This is pretty obscure, and possibly un-fixable. I encountered a weird torch error when benchmarking the population model log prob.
RuntimeError: r.nvmlDeviceGetNvLinkRemoteDeviceType_ INTERNAL ASSERT FAILED at "../c10/cuda/driver_api.cpp":27, please report a bug to PyTorch. Can't find nvmlDeviceGetNvLinkRemoteDeviceType: /lib64/libnvidia-ml.so.1: undefined symbol: nvmlDeviceGetNvLinkRemoteDeviceType
The full traceback had some mentions of vmap-ish stuff. I'll paste that at the bottom. Most interestingly, this error only triggered when the batch size I was passing to the log prob hit ~1,000,000. So there's perhaps something that changes under the hood for large batch sizes (cool/interesting).
Full traceback...
batch size: 1048576 repeats: 2
Traceback (most recent call last):
File "/cfs/home/stth6288/pop-cosmos-public/bench.py", line 31, in <module>
p = model.log_prob(phi[:N])
File "/cfs/home/stth6288/.local-co/envs/st_torch/lib/python3.10/site-package
s/flowfusion/diffusion.py", line 632, in log_prob
xT, lp = self.score_model.solve_odes_forward(
File "/cfs/home/stth6288/.local-co/envs/st_torch/lib/python3.10/site-package
s/torch/utils/_contextlib.py", line 115, in decorate_context
return func(*args, **kwargs)
File "/cfs/home/stth6288/.local-co/envs/st_torch/lib/python3.10/site-package
s/flowfusion/diffusion.py", line 292, in solve_odes_forward
state = odeint_adjoint(
File "/cfs/home/stth6288/.local-co/envs/st_torch/lib/python3.10/site-package
s/torchdiffeq/_impl/adjoint.py", line 206, in odeint_adjoint
ans = OdeintAdjointMethod.apply(shapes, func, y0, t, rtol, atol, method, o
ptions, event_fn, adjoint_rtol, adjoint_atol,
File "/cfs/home/stth6288/.local-co/envs/st_torch/lib/python3.10/site-package
s/torch/autograd/function.py", line 598, in apply
return super().apply(*args, **kwargs) # type: ignore[misc]

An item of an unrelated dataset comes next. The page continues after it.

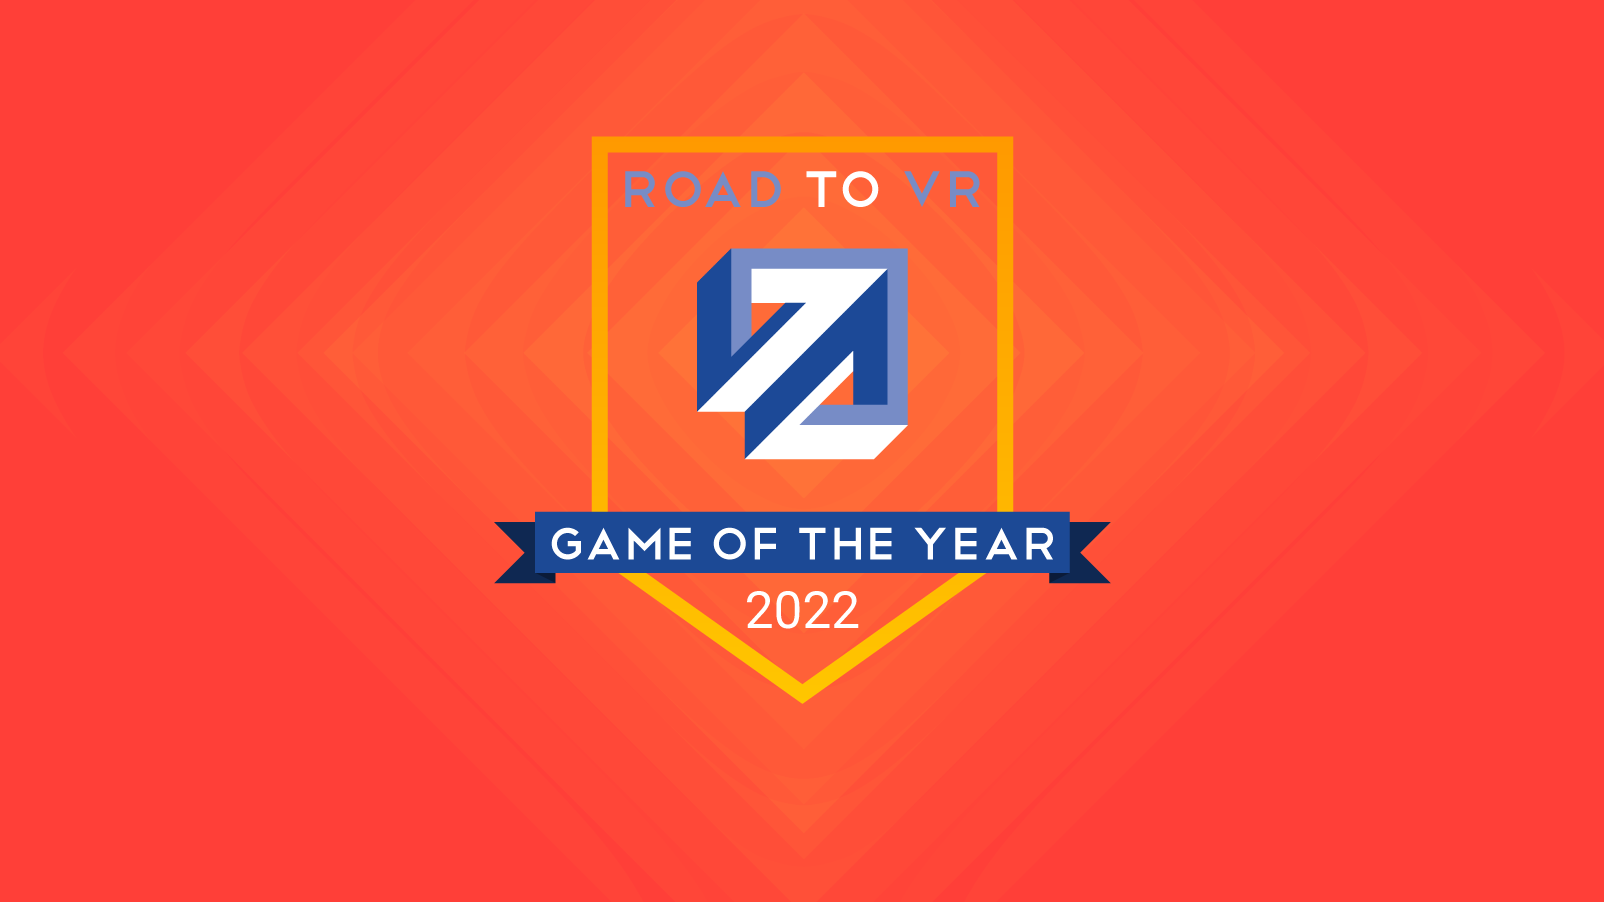 Road to VR's 2019 Game of the Year Awards

File "/cfs/home/stth6288/.local-co/envs/st_torch/lib/python3.10/site-package
s/torchdiffeq/_impl/adjoint.py", line 24, in forward
ans = odeint(func, y0, t, rtol=rtol, atol=atol, method=method, options=opt
ions, event_fn=event_fn)
File "/cfs/home/stth6288/.local-co/envs/st_torch/lib/python3.10/site-package
s/torchdiffeq/_impl/odeint.py", line 80, in odeint
solution = solver.integrate(t)
File "/cfs/home/stth6288/.local-co/envs/st_torch/lib/python3.10/site-package
s/torchdiffeq/_impl/solvers.py", line 32, in integrate
self._before_integrate(t)
File "/cfs/home/stth6288/.local-co/envs/st_torch/lib/python3.10/site-package
s/torchdiffeq/_impl/rk_common.py", line 213, in _before_integrate
f0 = self.func(t[0], self.y0)
File "/cfs/home/stth6288/.local-co/envs/st_torch/lib/python3.10/site-package
s/torch/nn/modules/module.py", line 1532, in _wrapped_call_impl
return self._call_impl(*args, **kwargs)
File "/cfs/home/stth6288/.local-co/envs/st_torch/lib/python3.10/site-package
s/torch/nn/modules/module.py", line 1541, in _call_impl
return forward_call(*args, **kwargs)
File "/cfs/home/stth6288/.local-co/envs/st_torch/lib/python3.10/site-package
s/torchdiffeq/_impl/misc.py", line 197, in forward
return self.base_func(t, y)
File "/cfs/home/stth6288/.local-co/envs/st_torch/lib/python3.10/site-package
s/torch/nn/modules/module.py", line 1532, in _wrapped_call_impl
return self._call_impl(*args, **kwargs)
File "/cfs/home/stth6288/.local-co/envs/st_torch/lib/python3.10/site-package
s/torch/nn/modules/module.py", line 1541, in _call_impl
return forward_call(*args, **kwargs)
File "/cfs/home/stth6288/.local-co/envs/st_torch/lib/python3.10/site-package
s/torchdiffeq/_impl/misc.py", line 197, in forward
return self.base_func(t, y)
File "/cfs/home/stth6288/.local-co/envs/st_torch/lib/python3.10/site-package
s/torch/nn/modules/module.py", line 1532, in _wrapped_call_impl
return self._call_impl(*args, **kwargs)
File "/cfs/home/stth6288/.local-co/envs/st_torch/lib/python3.10/site-package
s/torch/nn/modules/module.py", line 1541, in _call_impl
return forward_call(*args, **kwargs)
File "/cfs/home/stth6288/.local-co/envs/st_torch/lib/python3.10/site-package
s/torchdiffeq/_impl/misc.py", line 144, in forward
f = self.base_func(t, _flat_to_shape(y, (), self.shapes))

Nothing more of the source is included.